- Data:
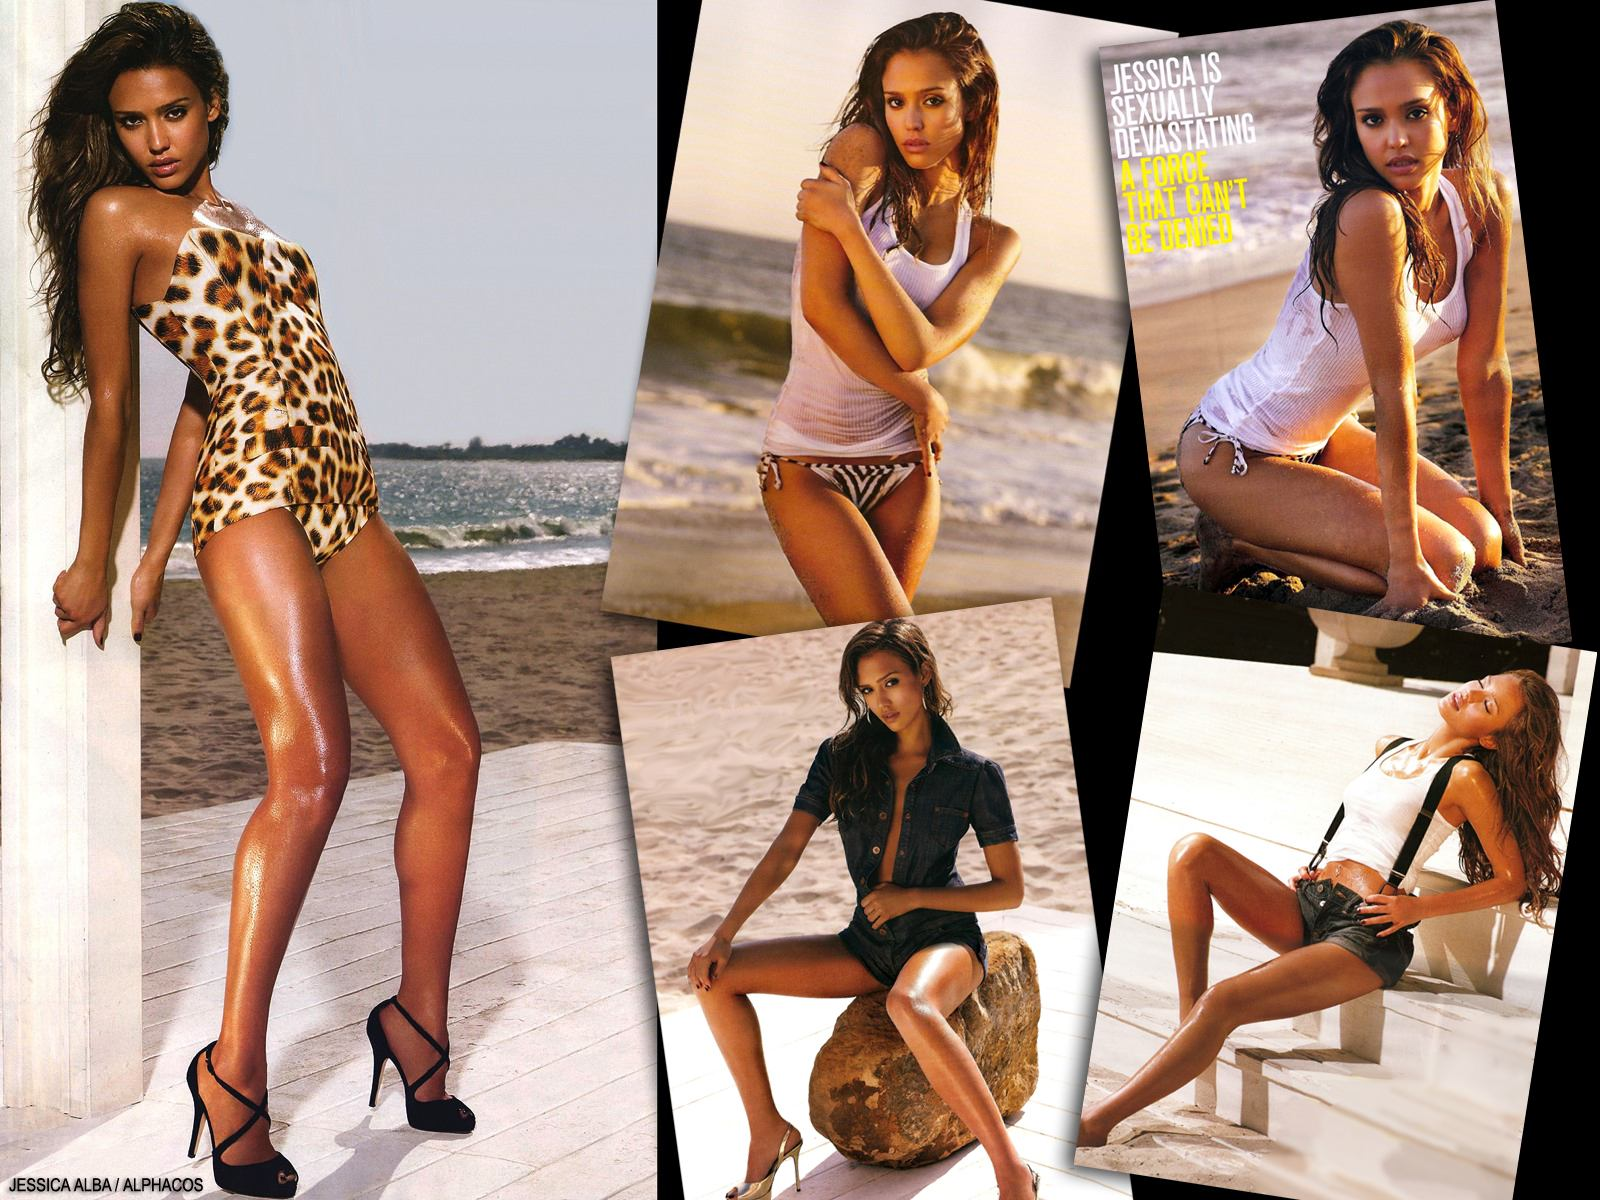 http://images.fanpop.com/images/image_uploads/Jessica-jessica-alba-583265_1600_1200.jpg
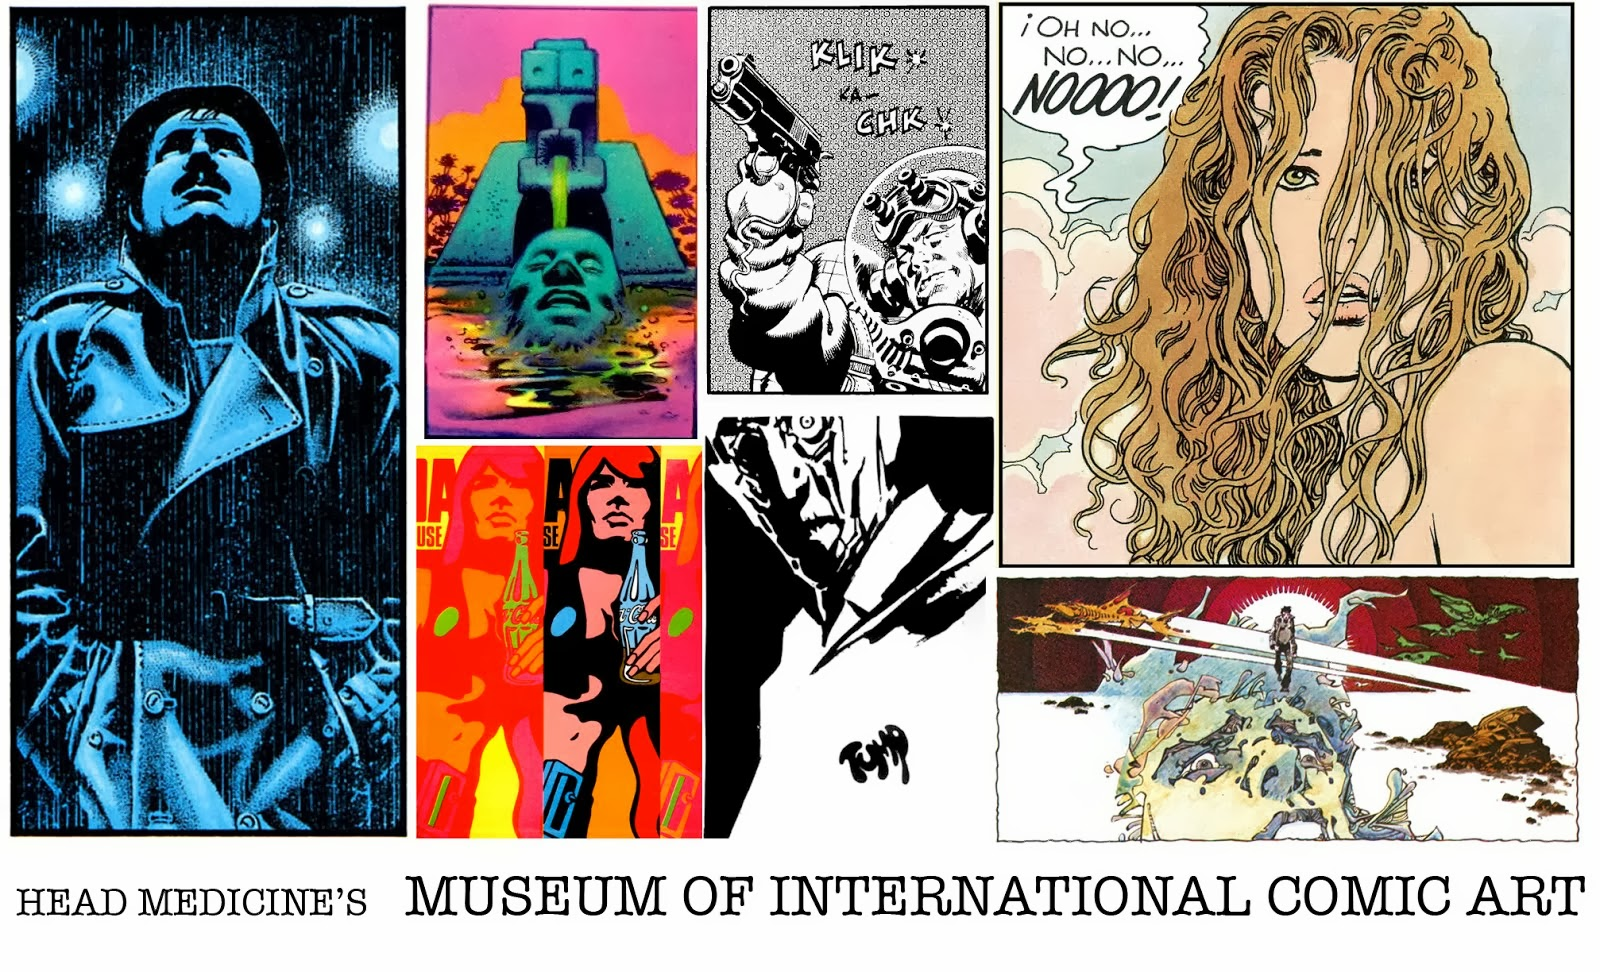 Head Medicine's Museum of International Comic Art
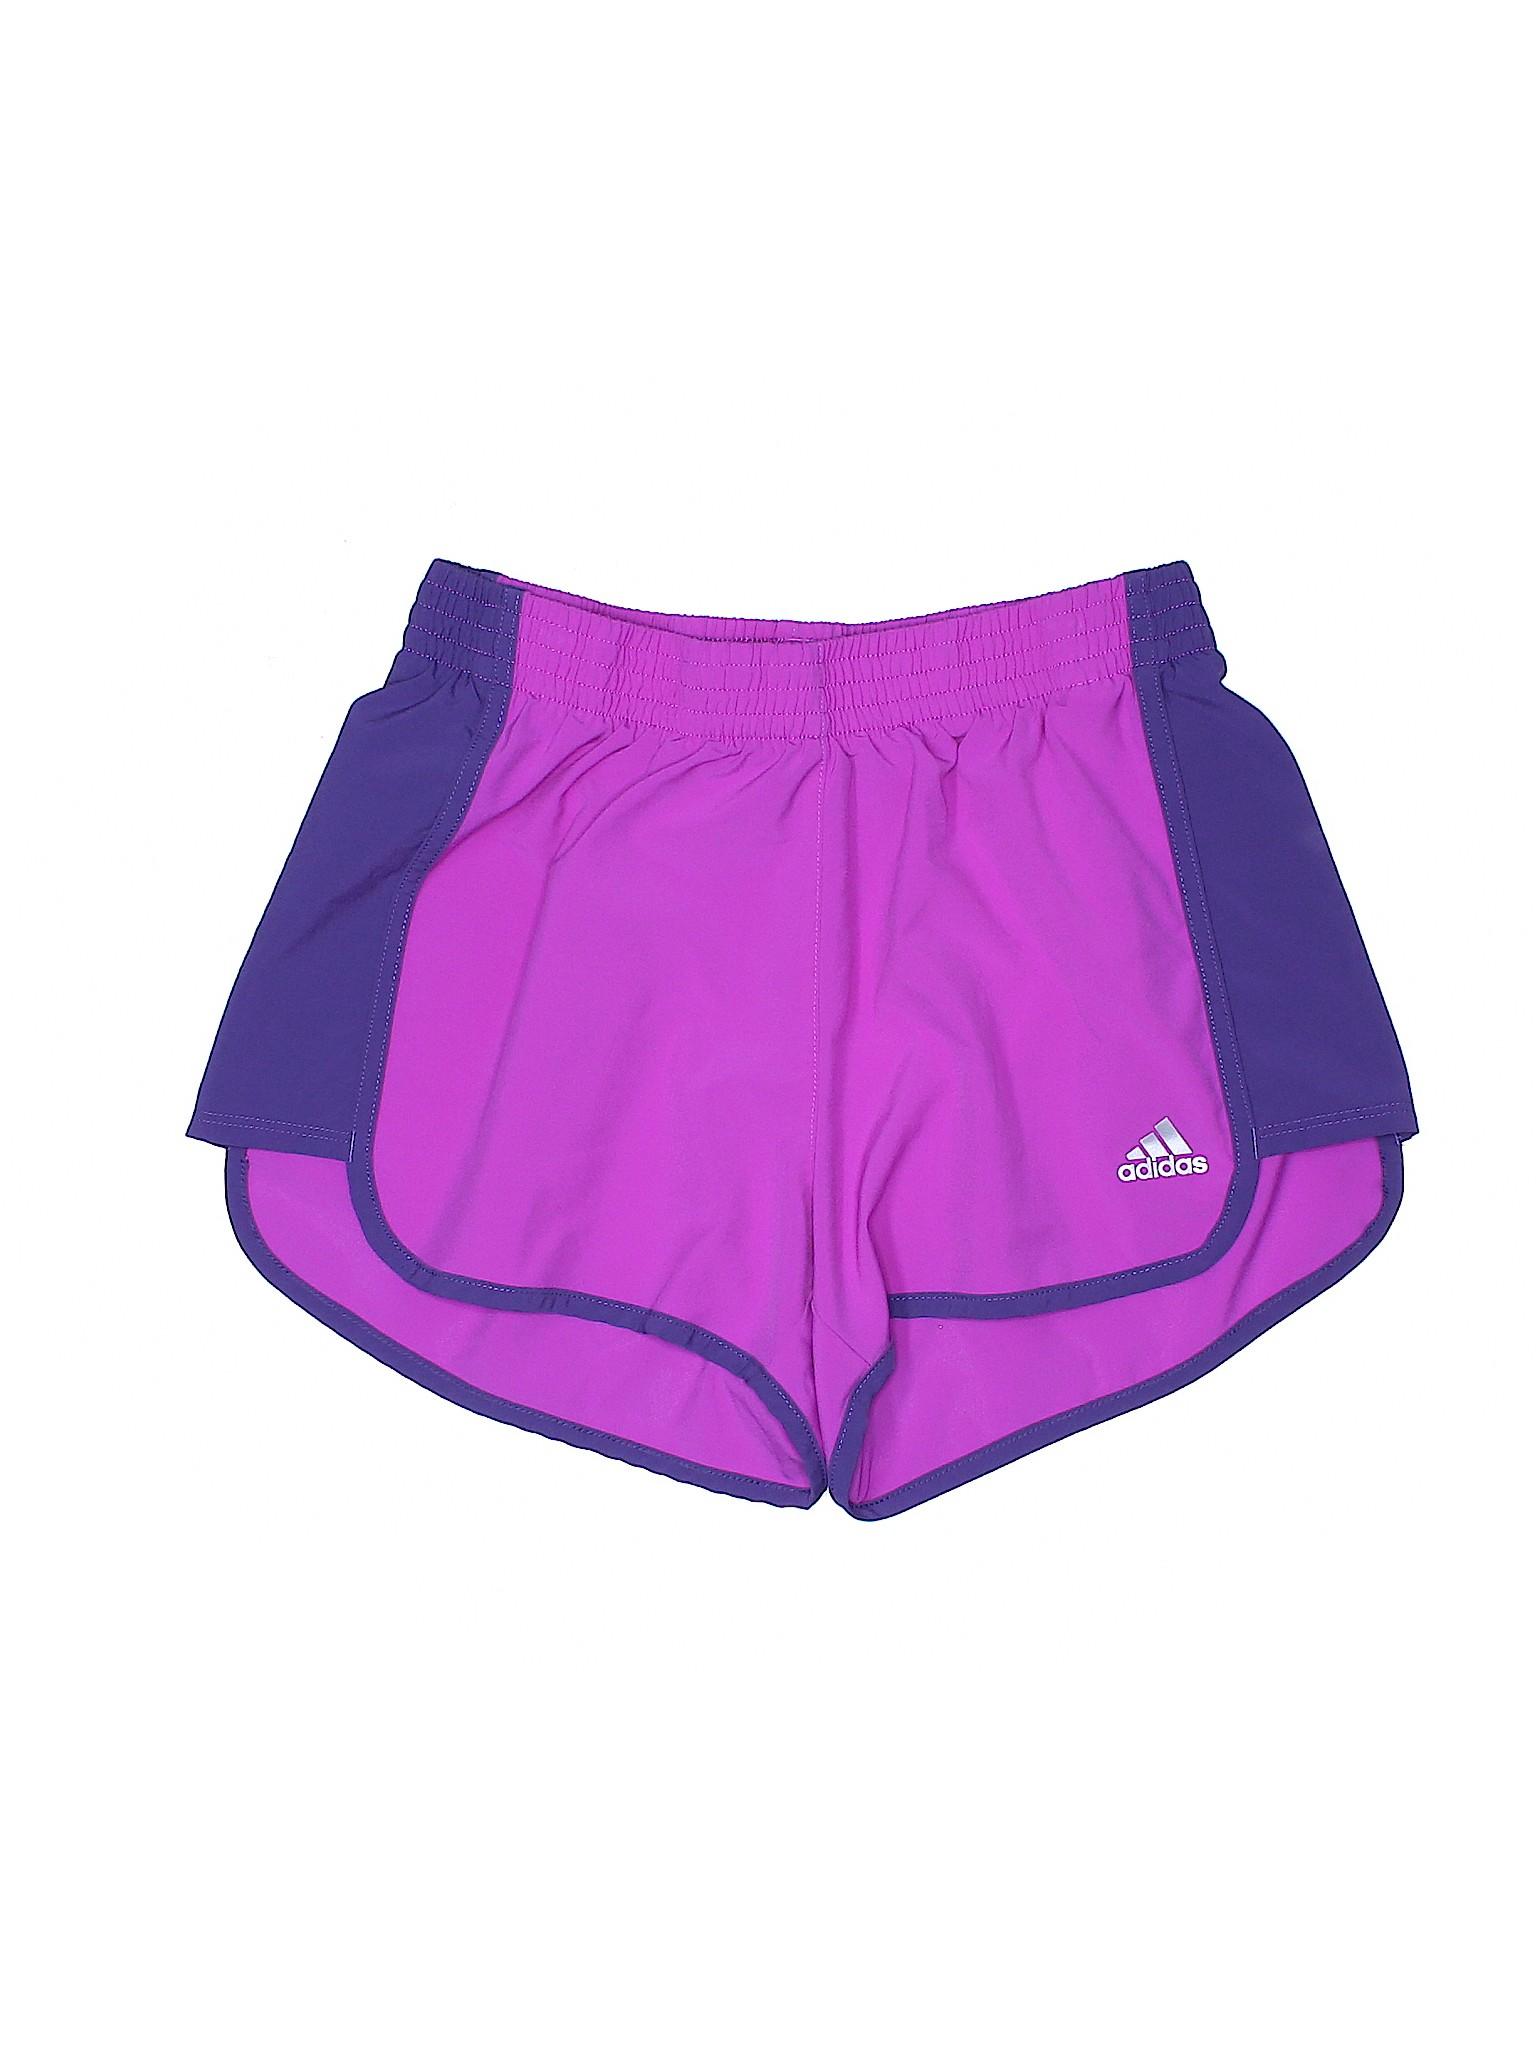 leisure Athletic leisure leisure Adidas Boutique Adidas Boutique Shorts Shorts leisure Boutique Athletic Boutique Shorts Athletic Adidas qEwHxaA

- To do: Omitting the images, copy the listing exactly.

- Result of the exercise:
 http://images.fanpop.com/images/image_uploads/Jessica-jessica-alba-583265_1600_1200.jpg
 Head Medicine's Museum of International Comic Art
 leisure Athletic leisure leisure Adidas Boutique Adidas Boutique Shorts Shorts leisure Boutique Athletic Boutique Shorts Athletic Adidas qEwHxaA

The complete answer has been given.